*** DATA PROVIDED Section Begins ***
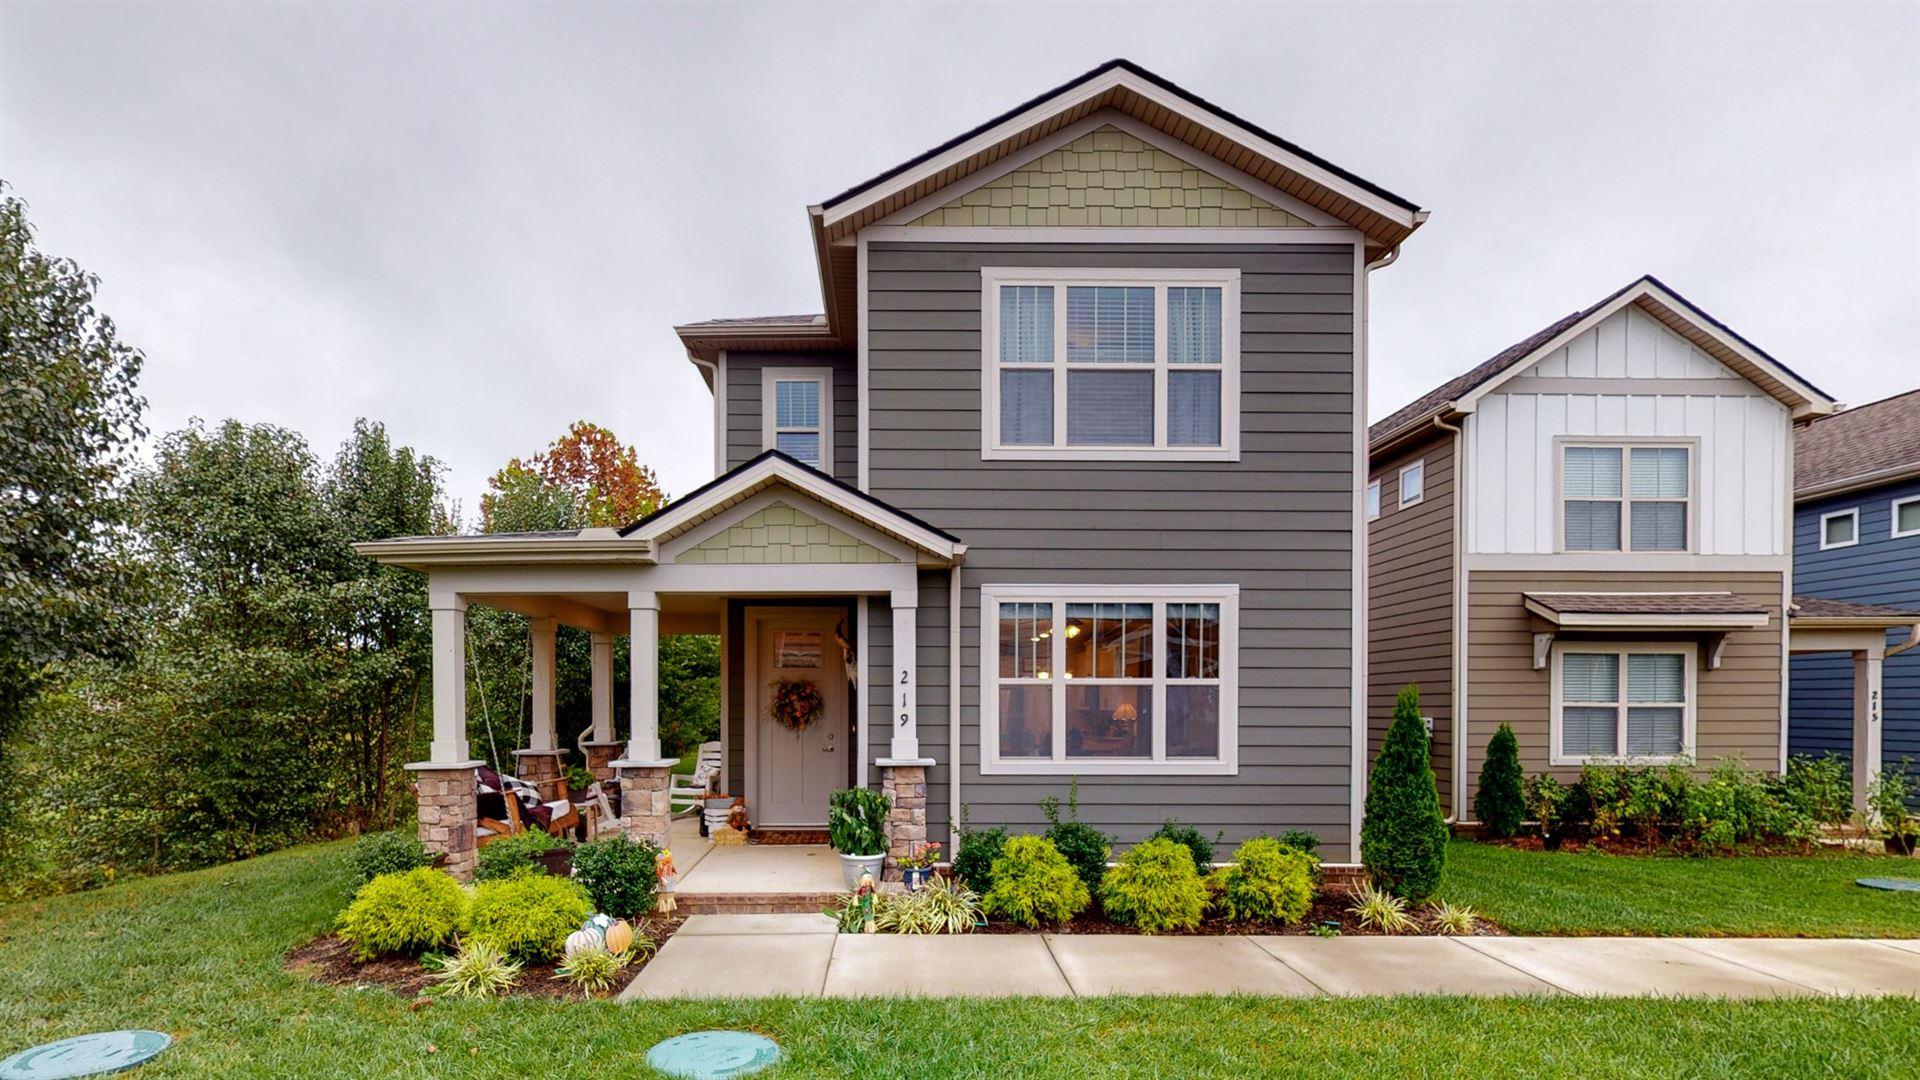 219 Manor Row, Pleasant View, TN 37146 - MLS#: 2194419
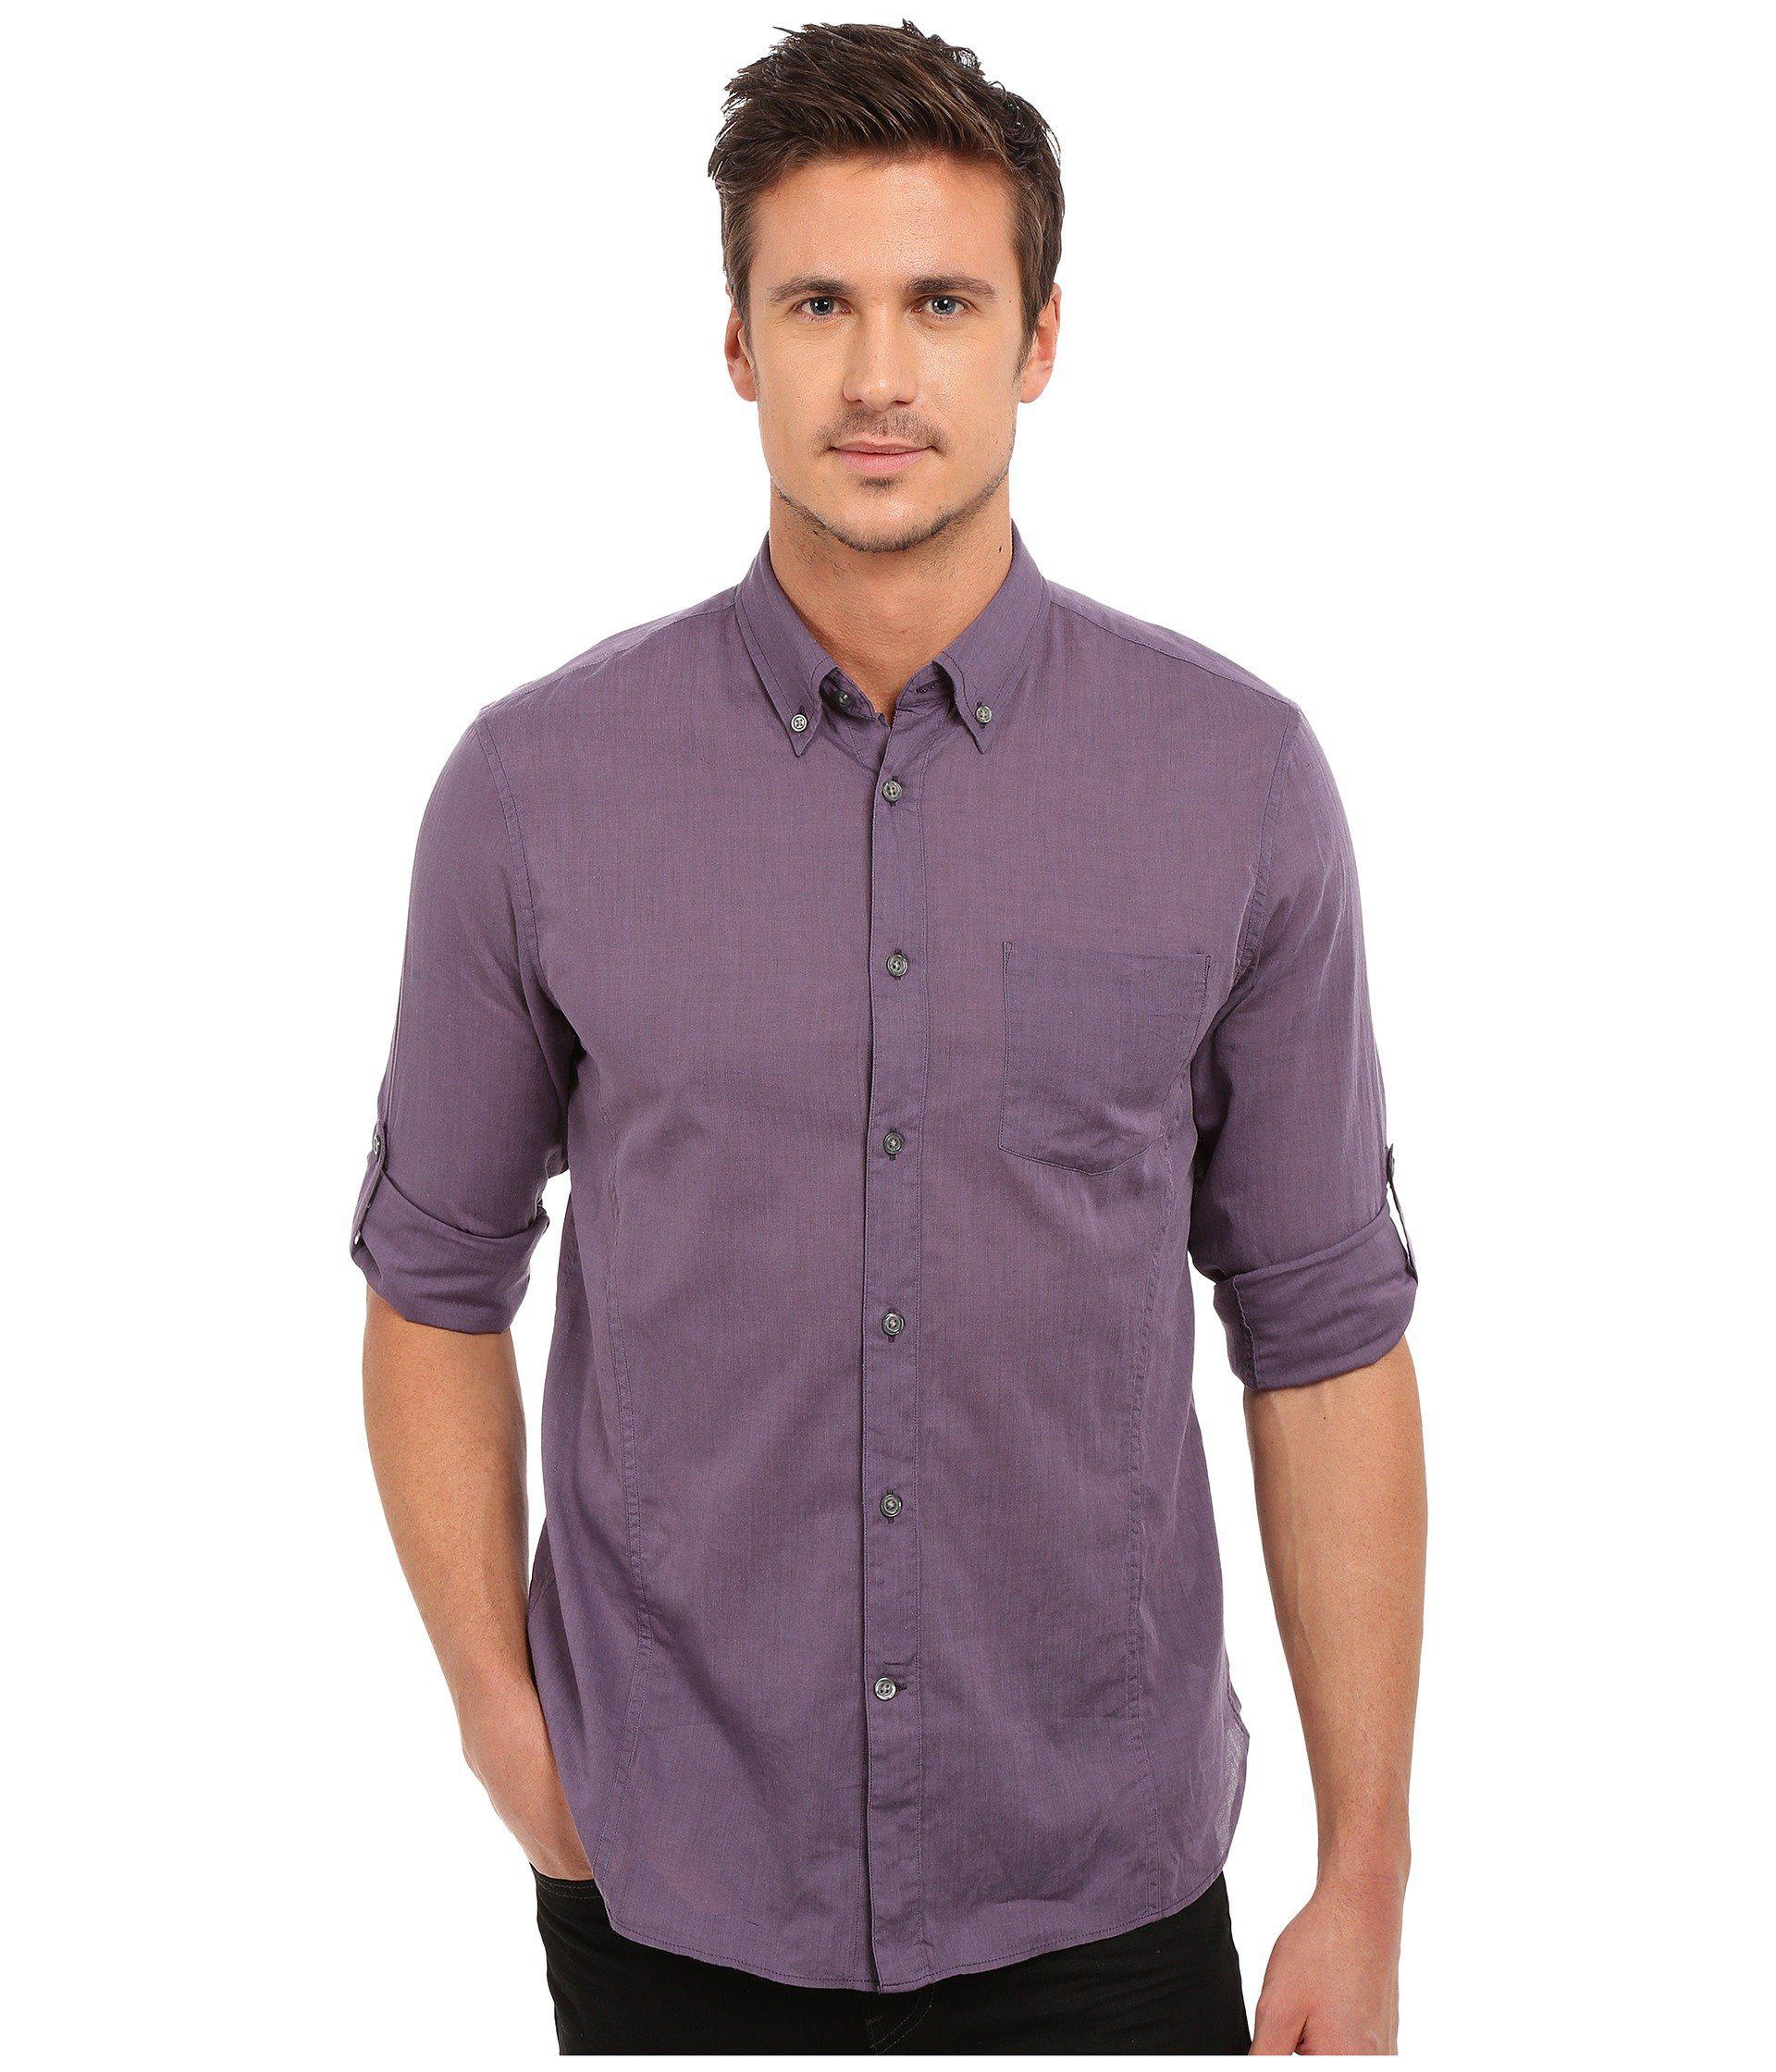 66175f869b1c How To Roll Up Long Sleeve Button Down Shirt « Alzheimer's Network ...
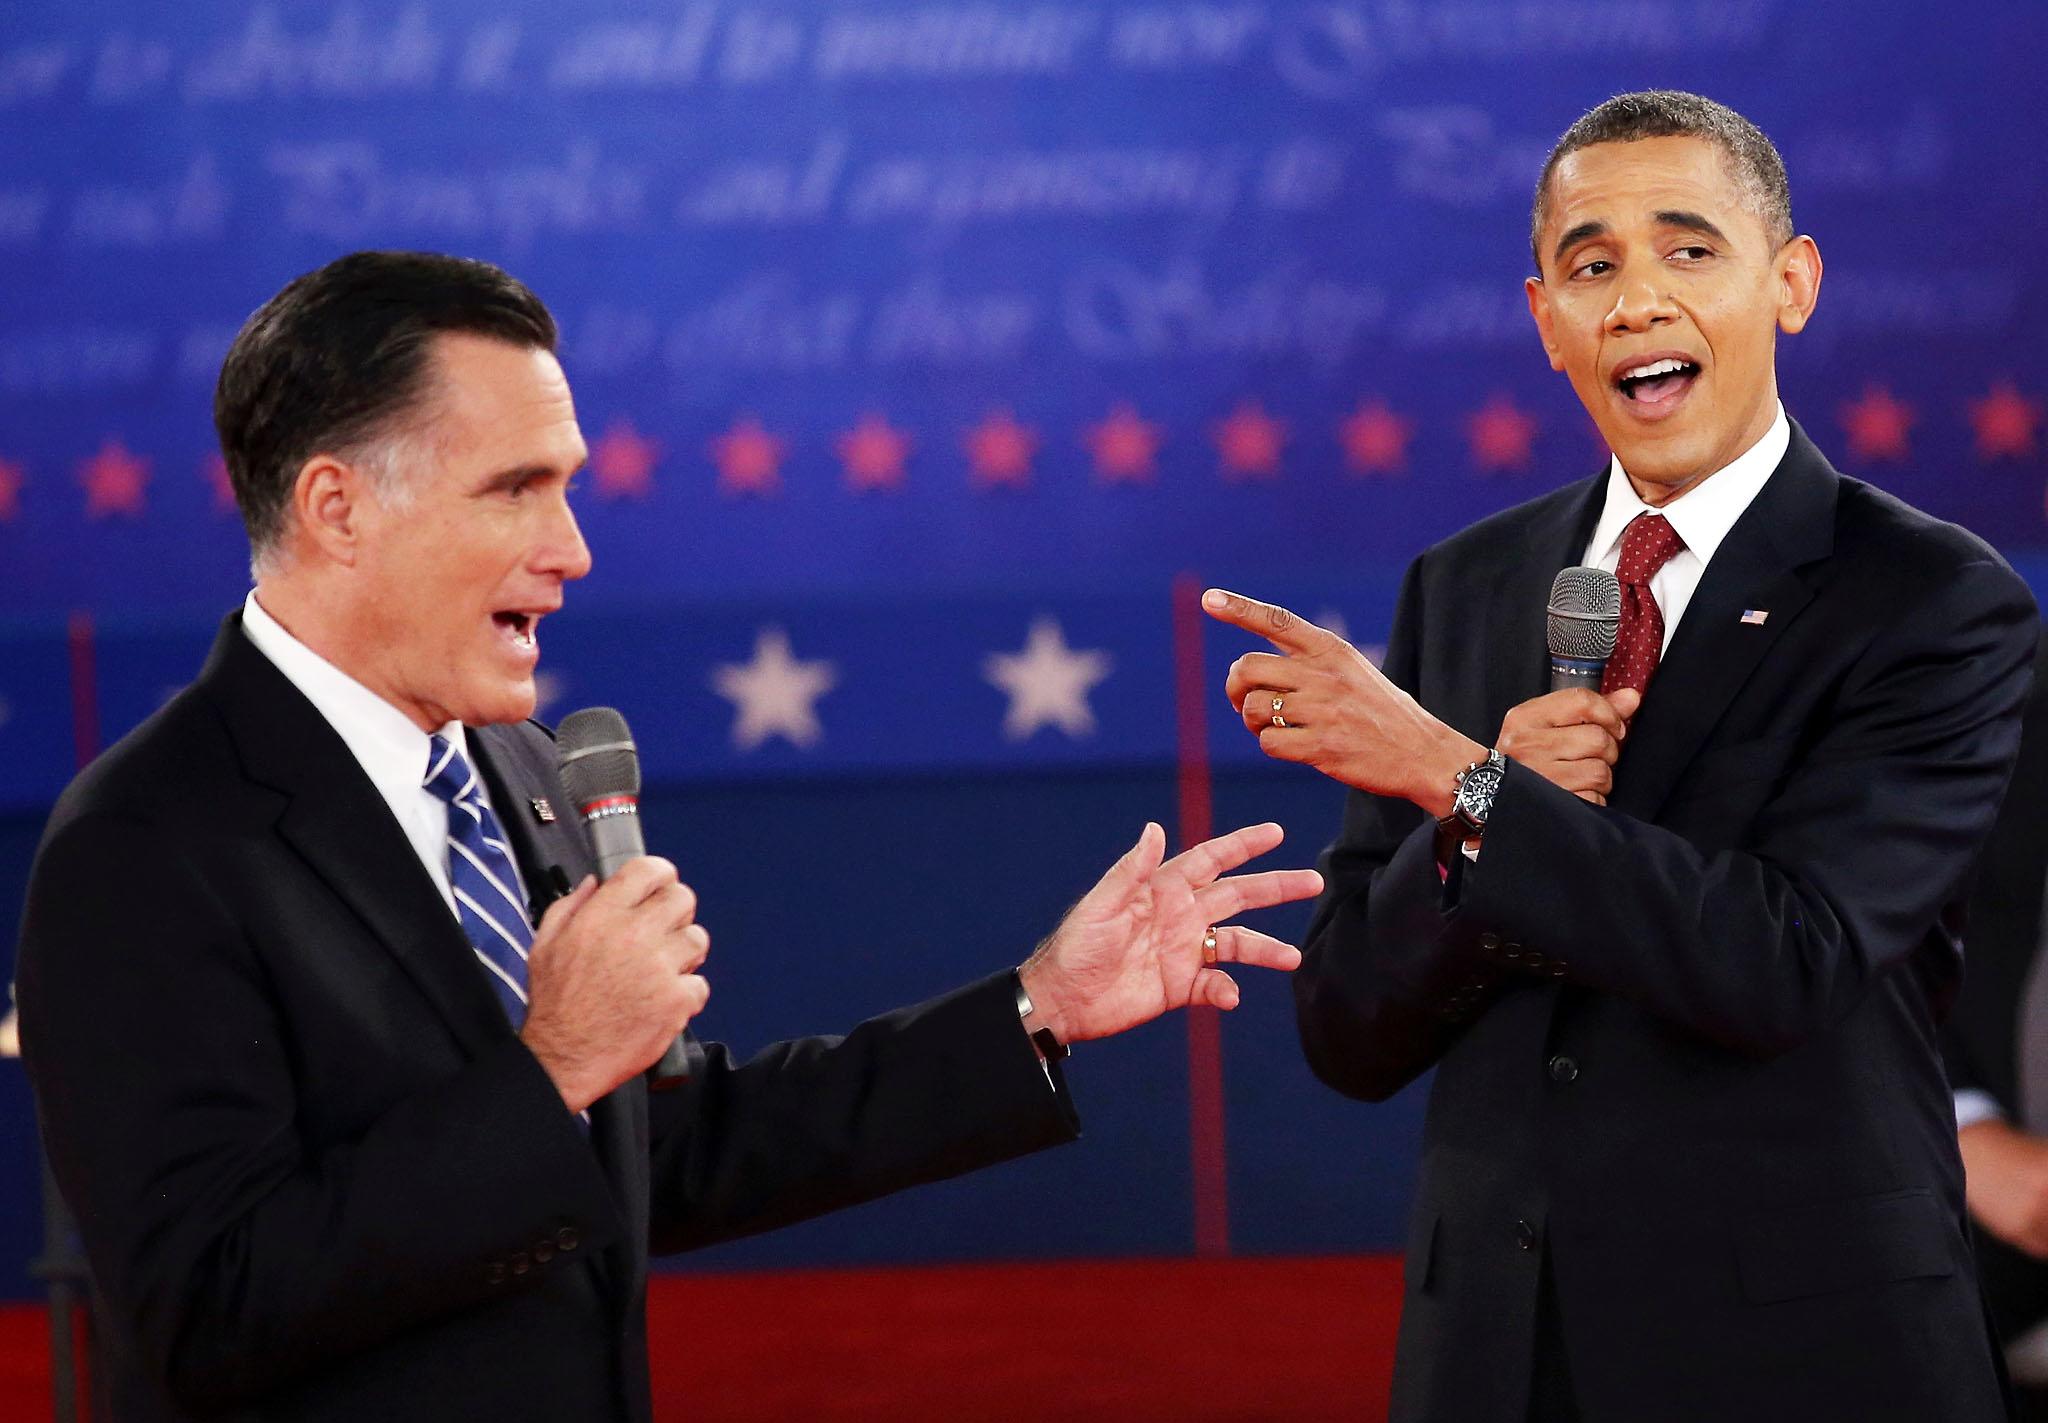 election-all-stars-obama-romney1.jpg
*** DATA PROVIDED Section Ends ***
▶ **TASK DESCRIPTION**:
Pictures are skipped here. Print exactly, and only, the lines from the one holding "66175f869b1c How To" through the final line of the material above, both ends included.

▶ **SOLUTION TO THE EXERCISE**:
 66175f869b1c How To Roll Up Long Sleeve Button Down Shirt « Alzheimer's Network ...
 election-all-stars-obama-romney1.jpg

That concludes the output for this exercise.